The 1904 United States presidential election in Wisconsin was held on November 8, 1904 as part of the 1904 United States presidential election. State voters chose 13 electors to the Electoral College, who voted for president and vice president.

Background and vote
Wisconsin during the Third Party System was a Republican-leaning but competitive state whereby historically anti-Civil War German Catholic counties stood opposed to highly pro-war and firmly Republican Yankee areas. However, following the Populist movement, whose inflationary monetary policies were opposed by almost all urban classes and viewed as dangerously radical by rural German Catholics, Wisconsin’s upper classes, along with the majority of workers who followed them, completely fled from William Jennings Bryan’s agrarian and free silver sympathies.

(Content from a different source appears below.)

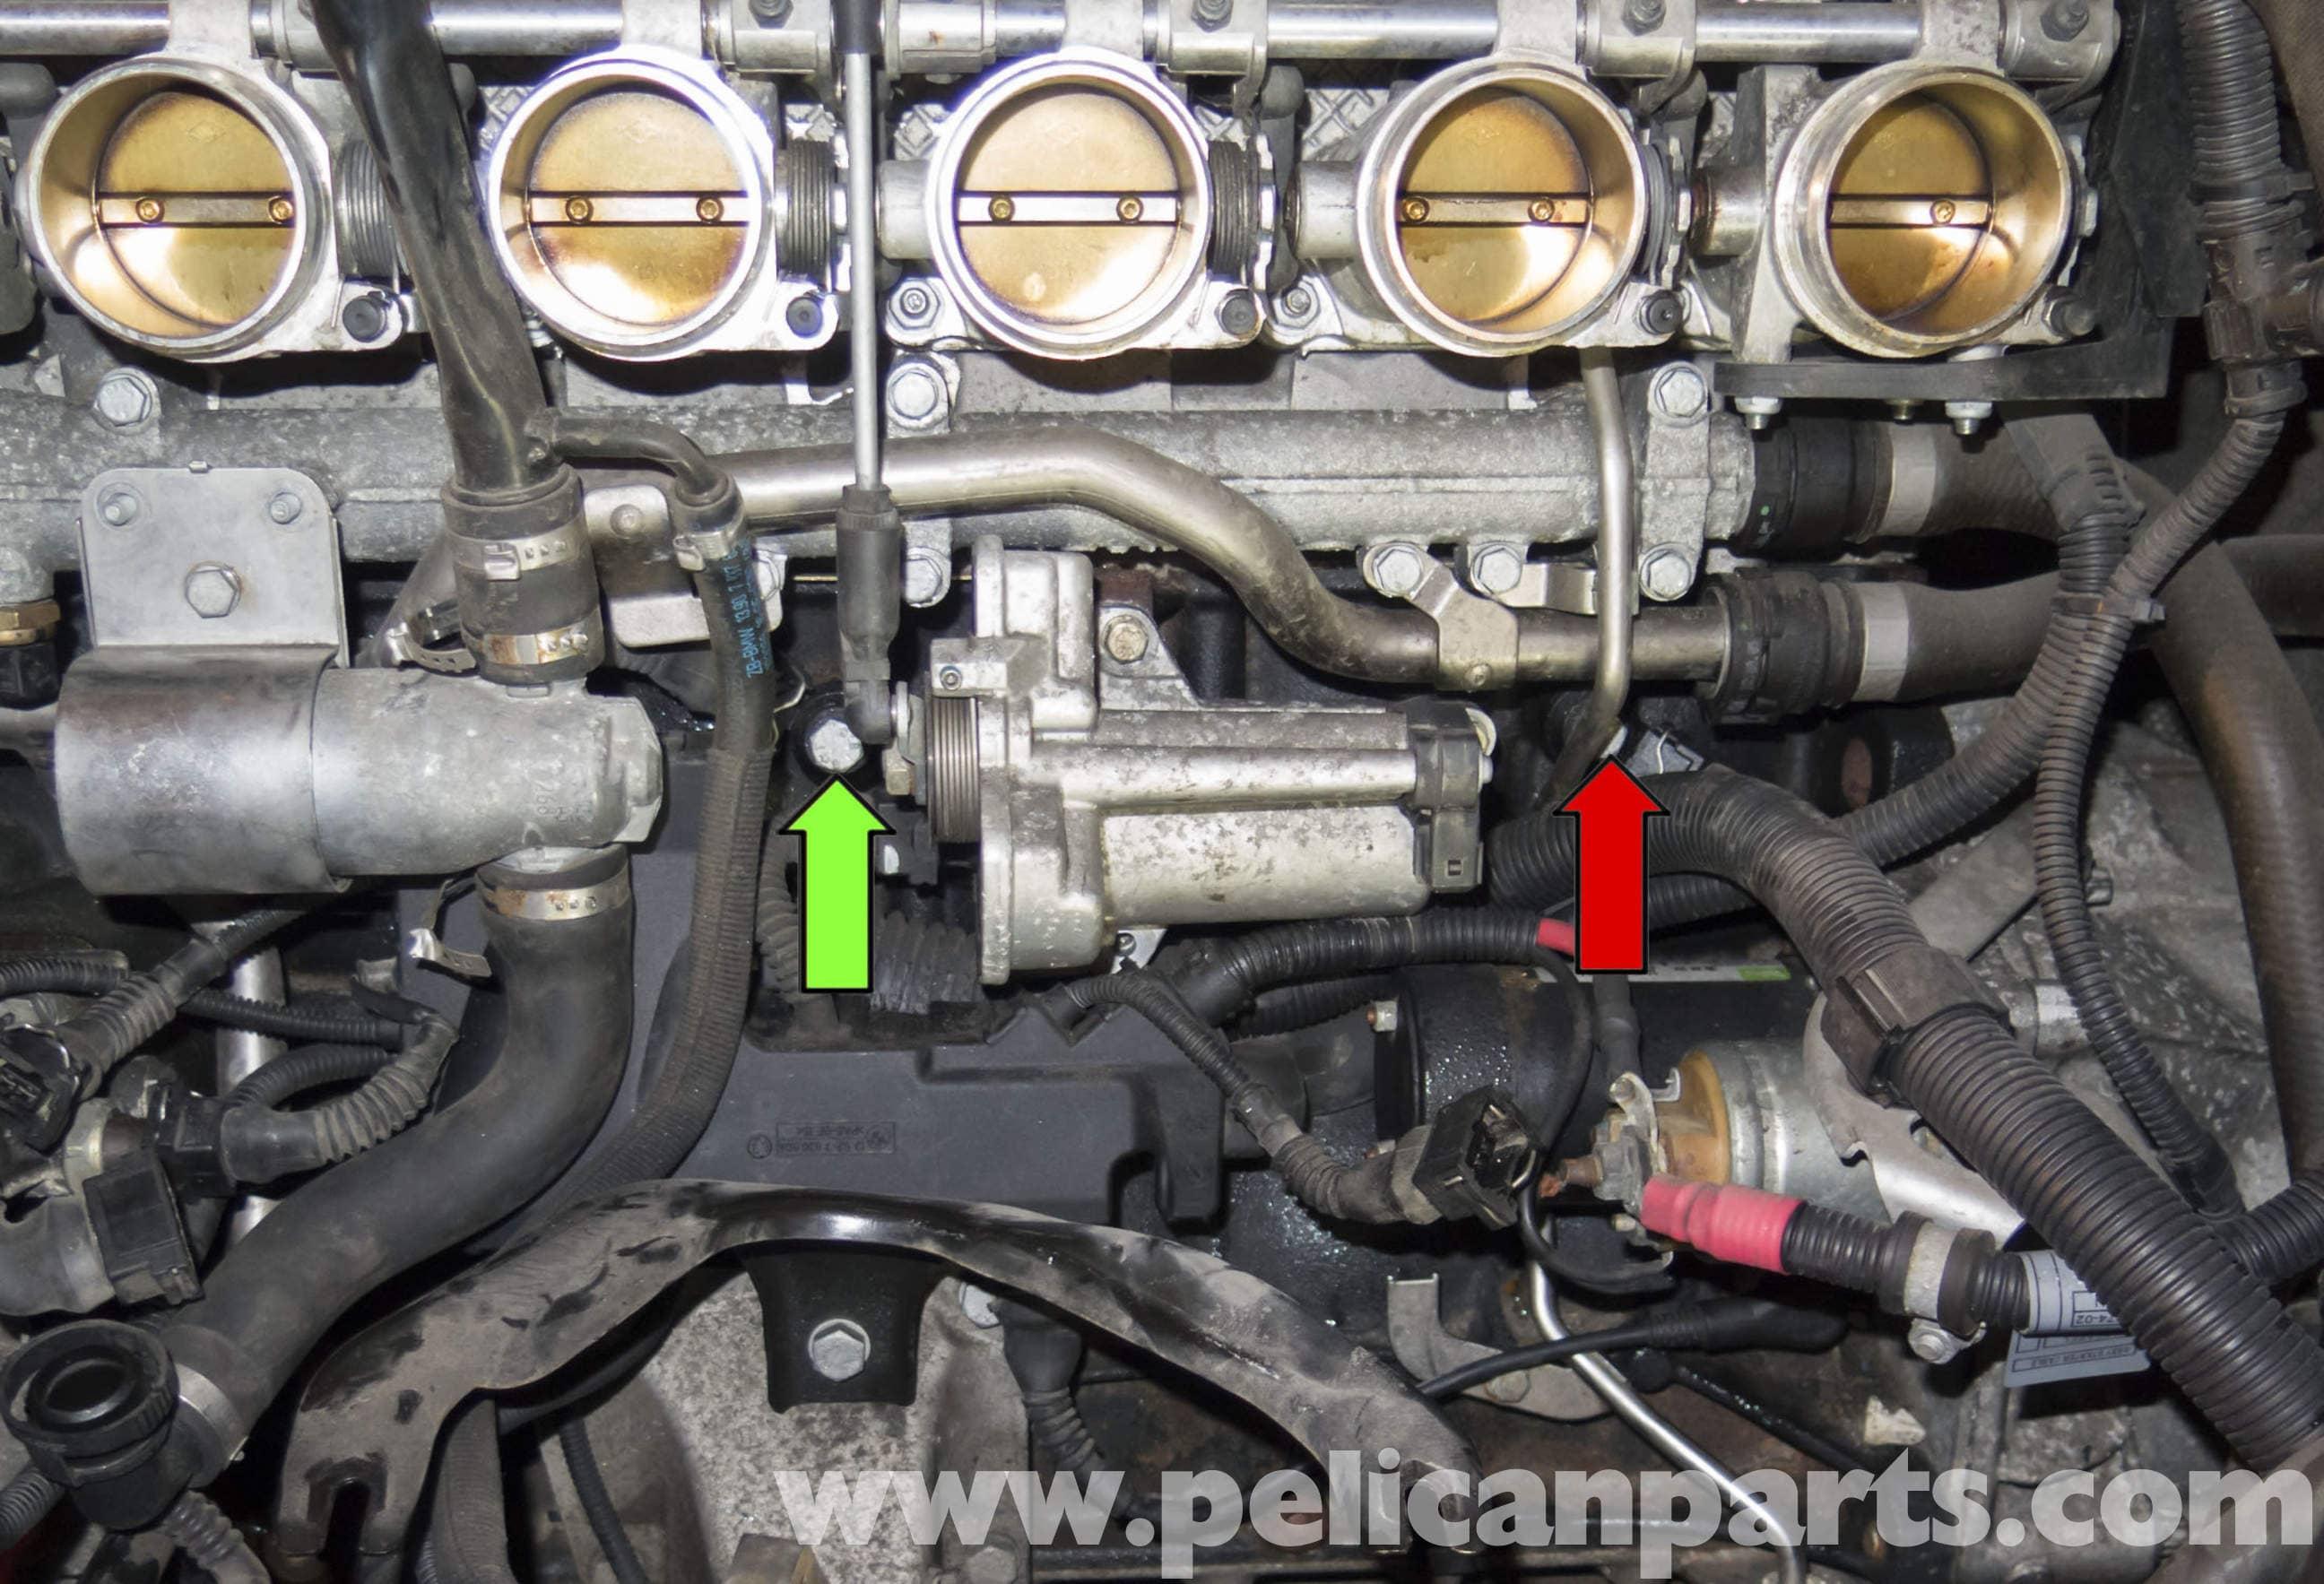 Bmw Z4 M Knock Sensor Testing And Replacement 2003 2006 Pelican Parts Diy Maintenance Article

Wisconsin would henceforth become almost a one-party polity dominated by the Republican Party. The Democratic Party became entirely uncompetitive outside the previously anti-Yankee areas adjoining Lake Michigan in the eastern part of the state. As Democratic strength weakened severely after 1894 – although the state did develop a strong Socialist Party to provide opposition to the GOP – Wisconsin developed the direct Republican primary in 1903 and this ultimately created competition between the “League” under Robert M. La Follette, and the conservative “Regular” faction.

Neither Republican incumbent Theodore Roosevelt nor Democratic nominee Alton B. Parker would campaign in Wisconsin, as the state had been amongst the most Republican in the nation in the presidential elections in both 1896 and 1900. No official polls were taken in the state, but Frederick W. Cotzhausen, a lifelong Milwaukee Democrat, said during October that the state would vote strongly for Roosevelt.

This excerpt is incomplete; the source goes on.